Идеологию лучше понимать не как заданный, фиксированный и монологичный корпус текстов в смысле «идеологии Коммунистической партии», а как фермент, действующий в сознании людей и в ходе взаимодействия с субъективной жизнью конкретной личности приводящий к весьма разнообразным результатам. Человек здесь выступает в роли своеобразного операционного центра, в котором идеология распаковывается и персонализируется, в процессе чего индивид переделывает себя в субъекта с определенными и осмысленными биографическими чертами. Активизируя индивидуума, сама идеология обретает жизнь. Поэтому идеологию следует рассматривать как живую и адаптивную силу, оказывающую влияние лишь постольку, поскольку она функционирует в живых личностях, взаимодействующих с собственным Я и миром в качестве субъектов идеологии. В значительной мере логика великих революционных нарративов преобразования (преобразования общественного пространства и собственного Я), коллективизации (коллективизации индивидуалистически настроенных производителей и собственного Я) и очищения (кампаний политической чистки и актов индивидуального самосовершенствования) создавалась и воспроизводилась советскими гражданами, рационализировавшими непостижимую политику государства и, таким образом, являвшимися агентами идеологии наряду с руководителями партии и государства.
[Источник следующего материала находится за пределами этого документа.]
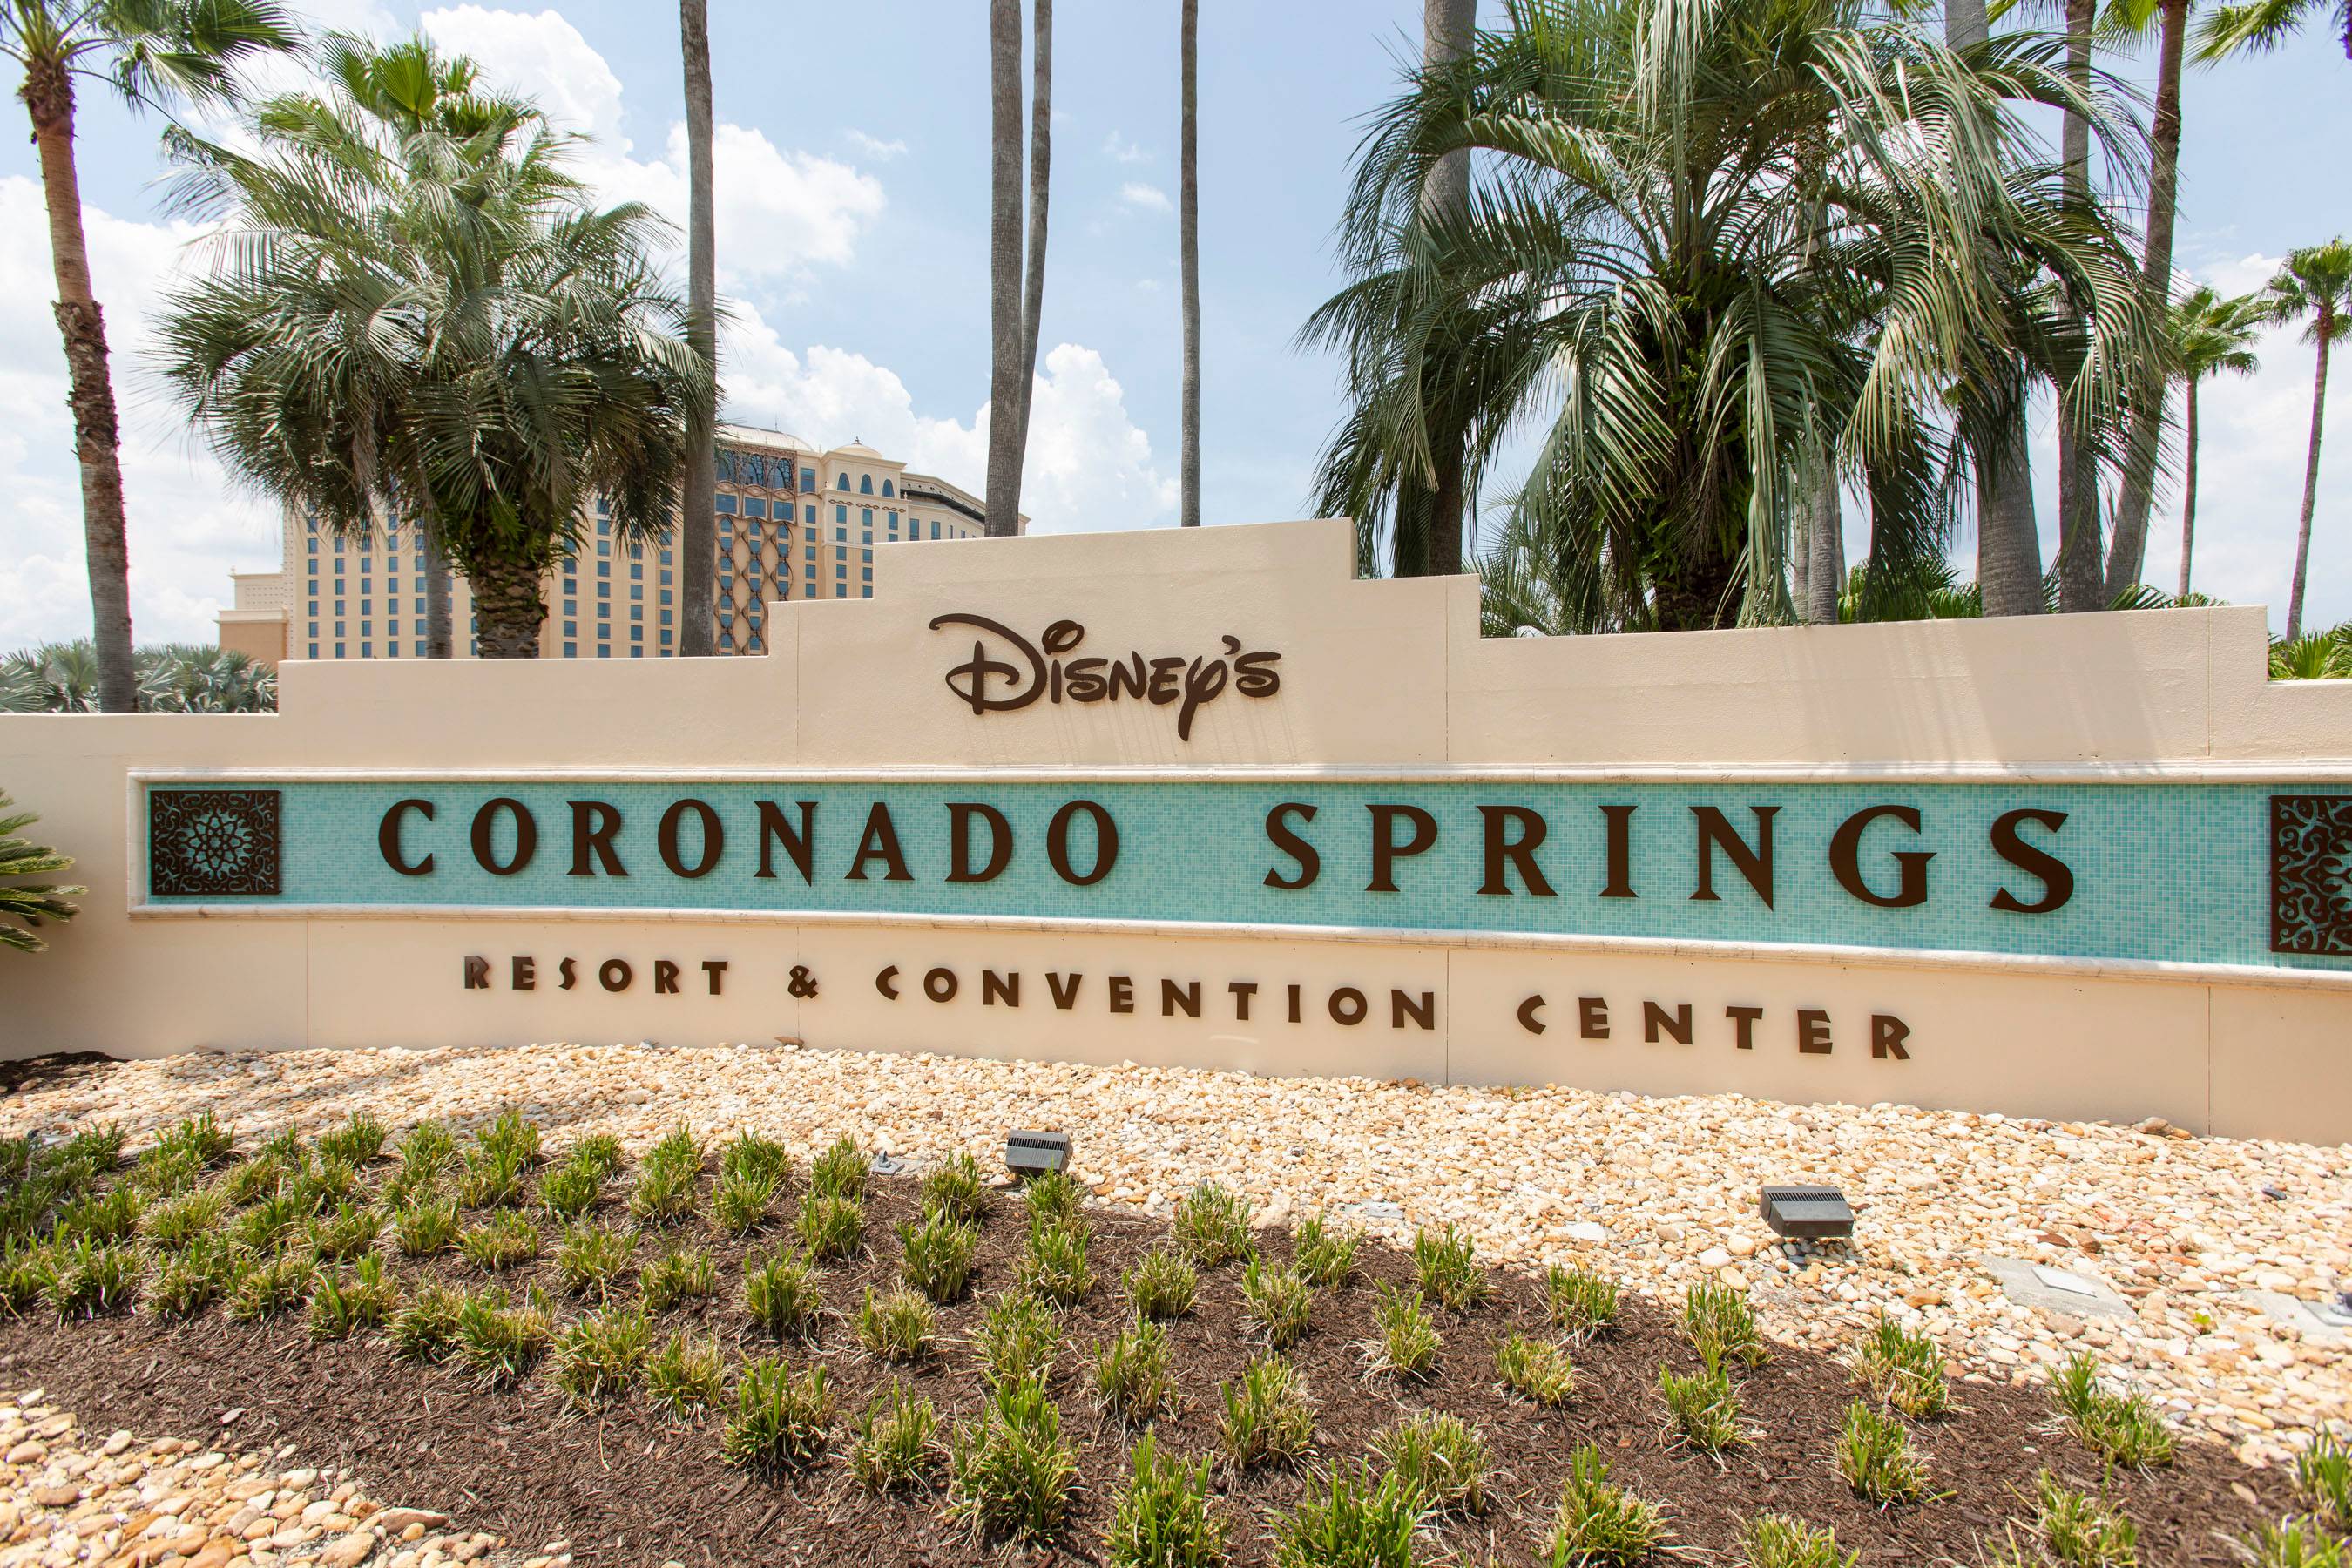 New entrance sign at Disney's Coronado Springs Resort

Стремление авторов дневников сталинской эпохи к целенаправленной и осмысленной жизни отражало распространенную потребность в ее идеологизации, превращении жизни в выражение прочного, внутренне непротиворечивого, универсального мировоззрения (Weltanschauung). Эта ориентация на осмысленность и включенность в общество пересекалась со стремлением большевиков переделать человечество. Таким образом, режим мог направить устремленность к обретению ценности и преодолению собственного Я, возникшую за идейными границами большевизма, в приемлемое для него русло. В свете этого советский проект предстает вариантом более общего европейского явления межвоенного периода, которое можно описать как двойное обязательство: иметь личное мировоззрение и интегрироваться в общество. Эта идеальная форма бытия была названа «скоординированной жизнью»: она обещала подлинность и интенсивную осмысленность, реализуемую в коллективных действиях, предпринимаемых в соответствии с законами истории или природы20.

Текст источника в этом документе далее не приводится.